In this context, the Venice Commission also explained that ‘the mere replication of the language of a foreign statute cannot evidently, in itself, secure compliance with international standards, particularly in a substantively different domestic context’.
‘What matters is not only the statutory text, but also the underlying legal principles, the relevant case-law, the institutional framework within which the statute operates’, it said.
The commission noted that under the US FARA, receiving foreign funds alone does not trigger a registration requirement; rather, registration is required only for those acting as agents under the specific direction and control of a foreign principal.
‘While many US NGOs and media organisations receive foreign grants and support, they are not generally required to register as foreign agents under FARA. Reportedly, only a small proportion, around 5%, of those registered under FARA are non-profit organisations, primarily branches of foreign political parties’, the report read.
The Georgian government’s policy toward civil society organisations and independent media has become particularly hostile over the past two years, alongside its adoption of a series of restrictive laws.
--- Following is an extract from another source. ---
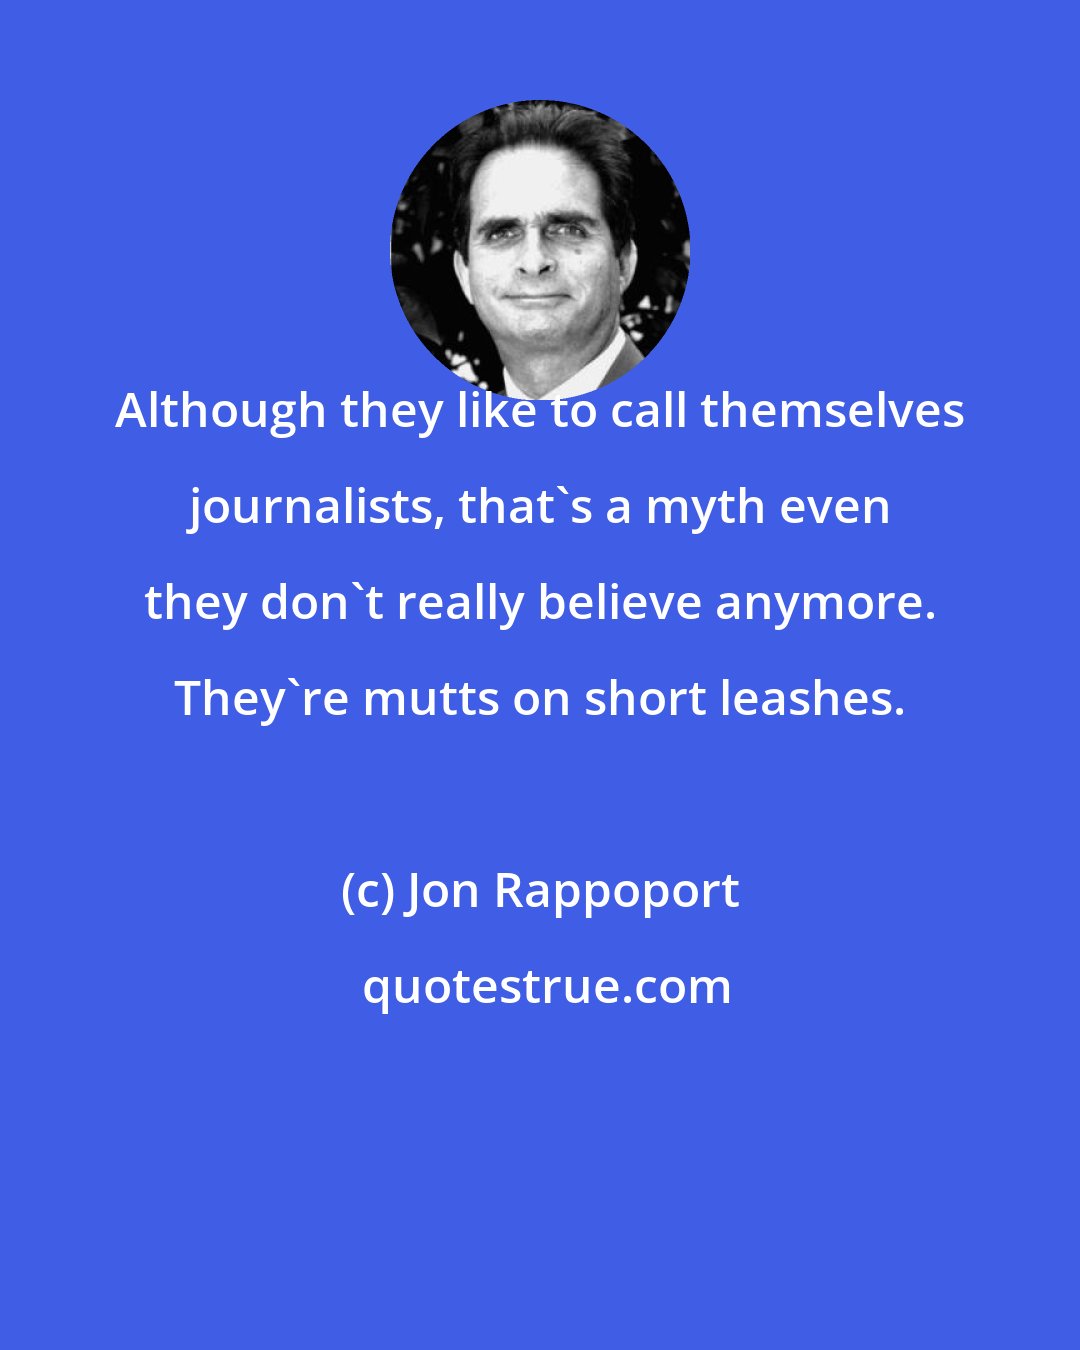 Jon Rappoport: Although they like to call themselves journalists, that's a myth even they don't really believe anymore. They're mutts on short leashes.

The adoption of these laws has accelerated over the past 11 months, against the backdrop of anti-government demonstrations, the first phase of which saw heavy clashes and brutal police violence against protesters and journalists.
Georgian Dream has repeatedly claimed that these measures were necessary to fight the ‘influence of external powers’. Nonetheless, critics of the ruling party have insisted that the state actions aim to undermine the media and civil society in an already fragile democracy.